EXERCISE BRIEF: Type the data below again exactly. Omit all pictures.

DATA EXTRACT:
:::::
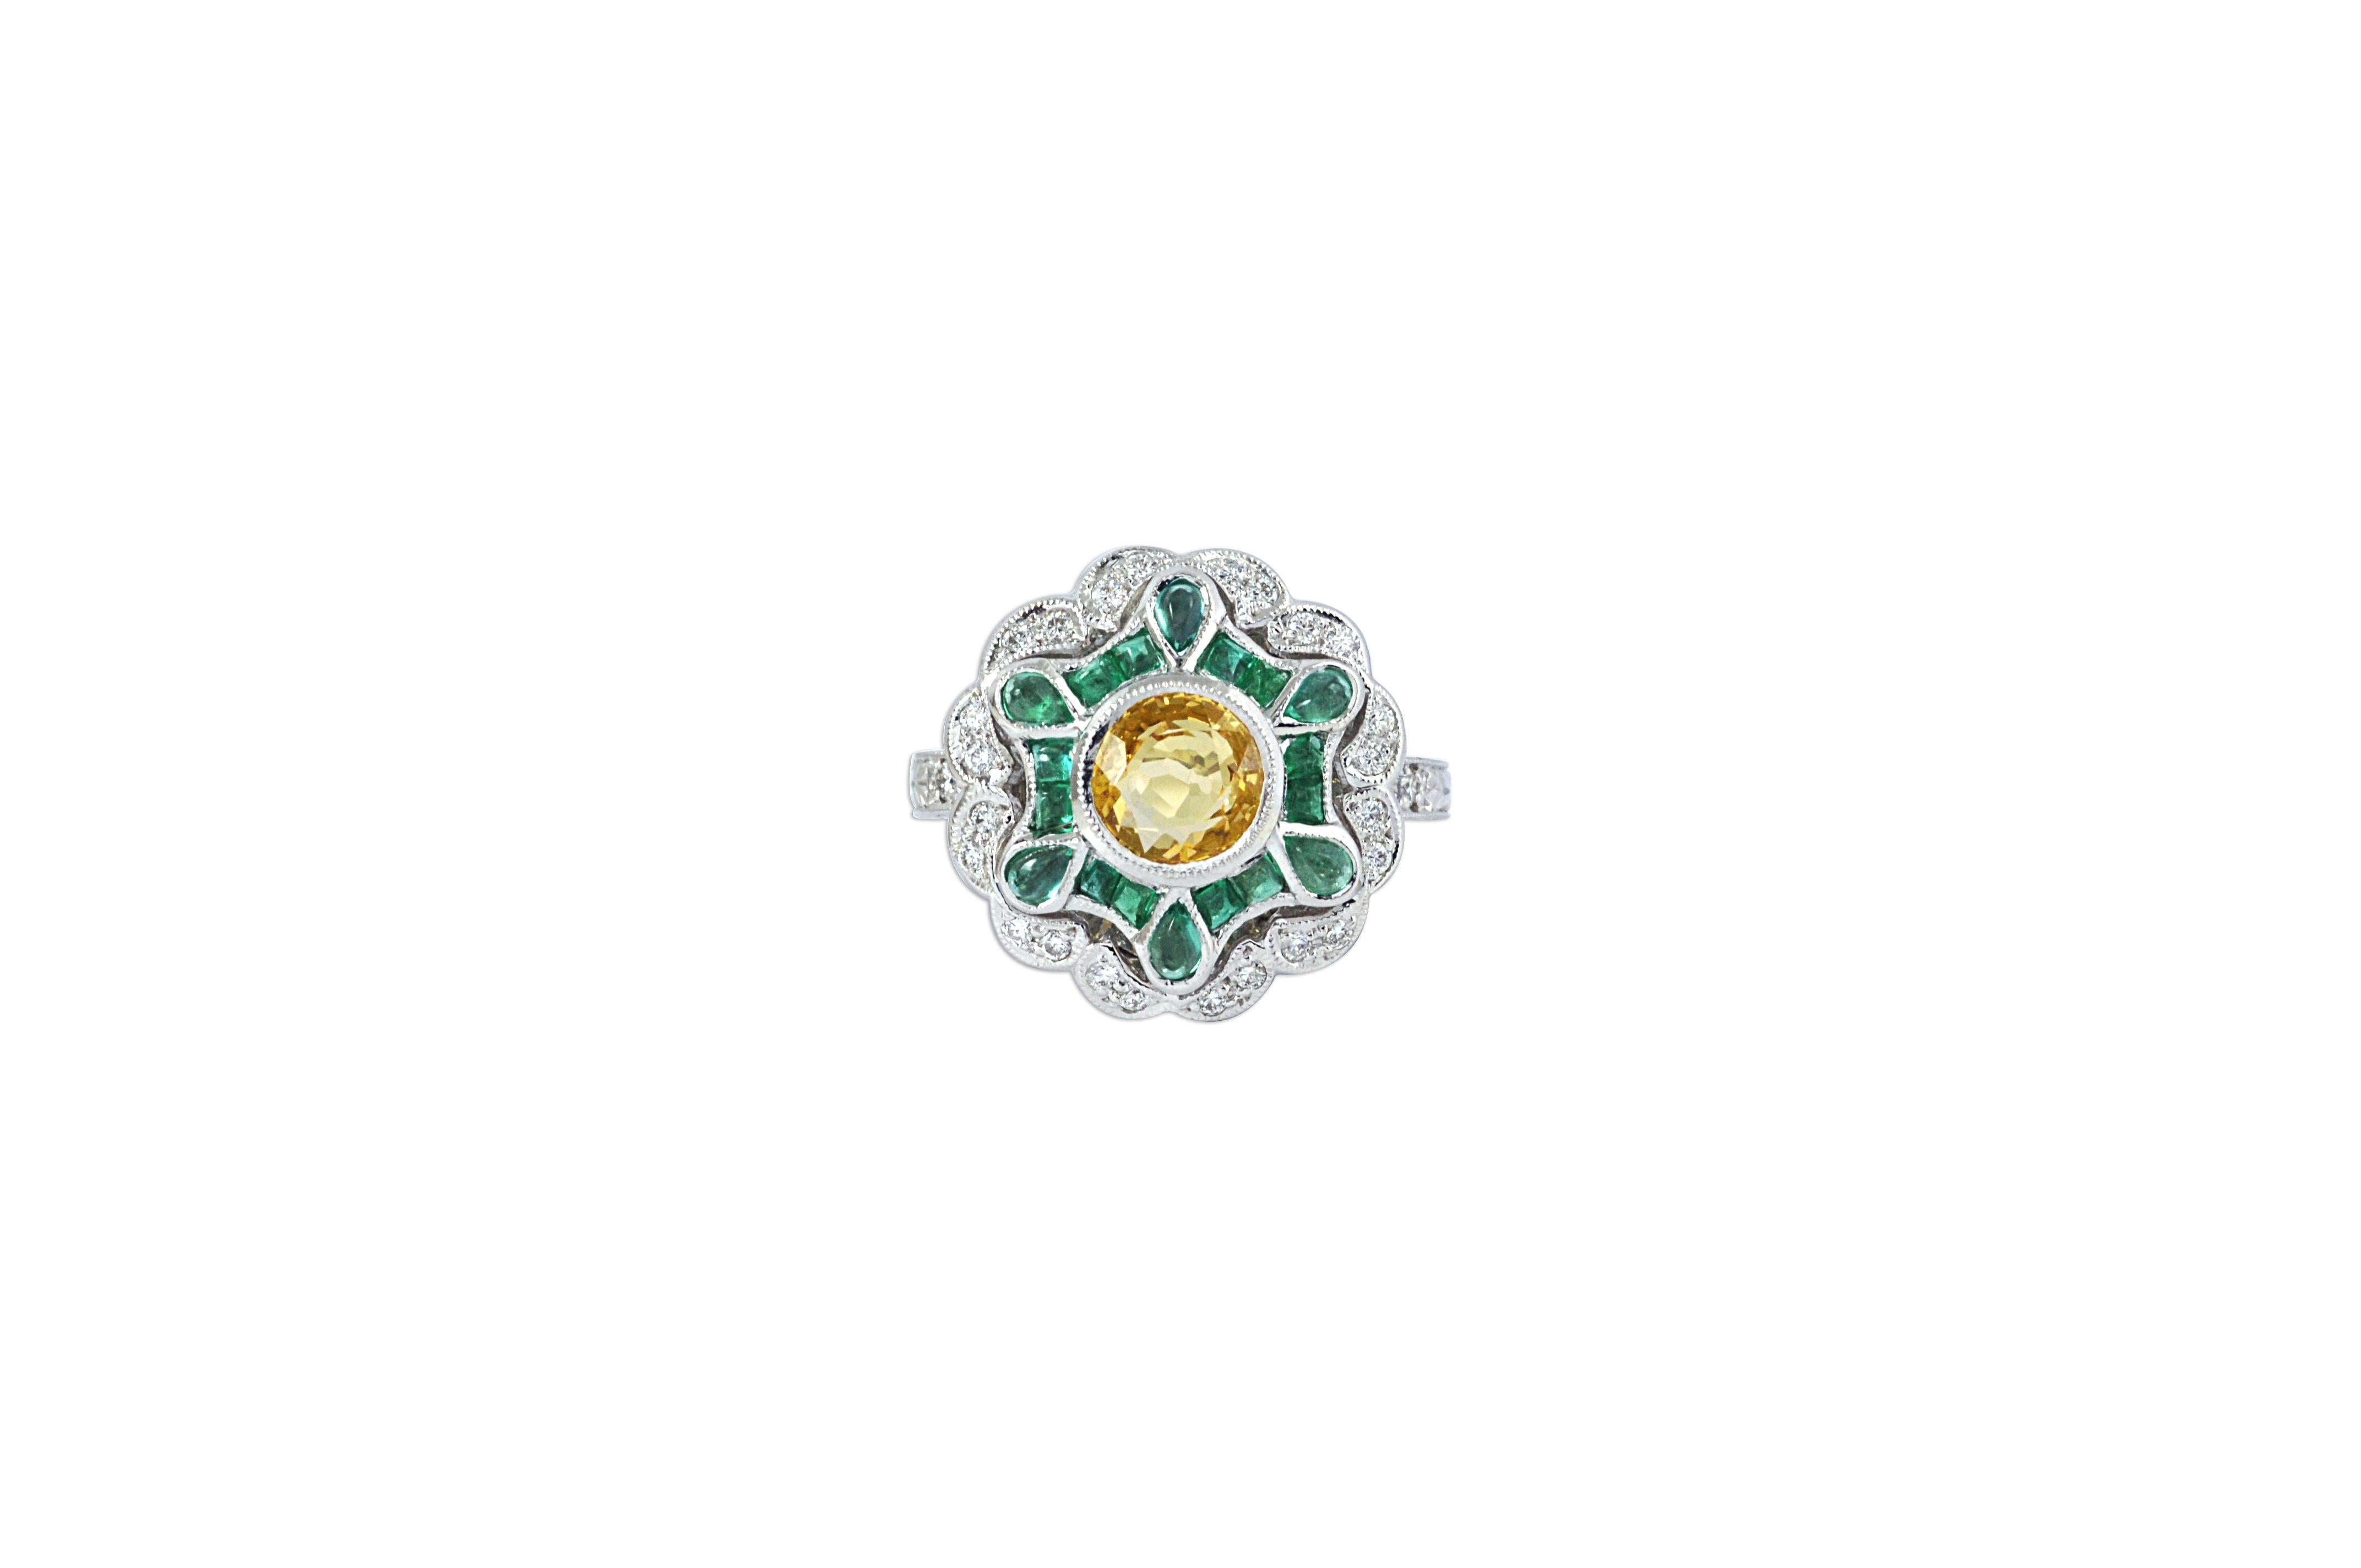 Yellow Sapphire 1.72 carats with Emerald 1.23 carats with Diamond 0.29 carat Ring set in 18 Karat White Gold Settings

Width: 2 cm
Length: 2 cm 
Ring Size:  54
:::::
OUTPUT FOR THIS TASK:
 Yellow Sapphire 1.72 carats with Emerald 1.23 carats with Diamond 0.29 carat Ring set in 18 Karat White Gold Settings

Width: 2 cm
Length: 2 cm 
Ring Size:  54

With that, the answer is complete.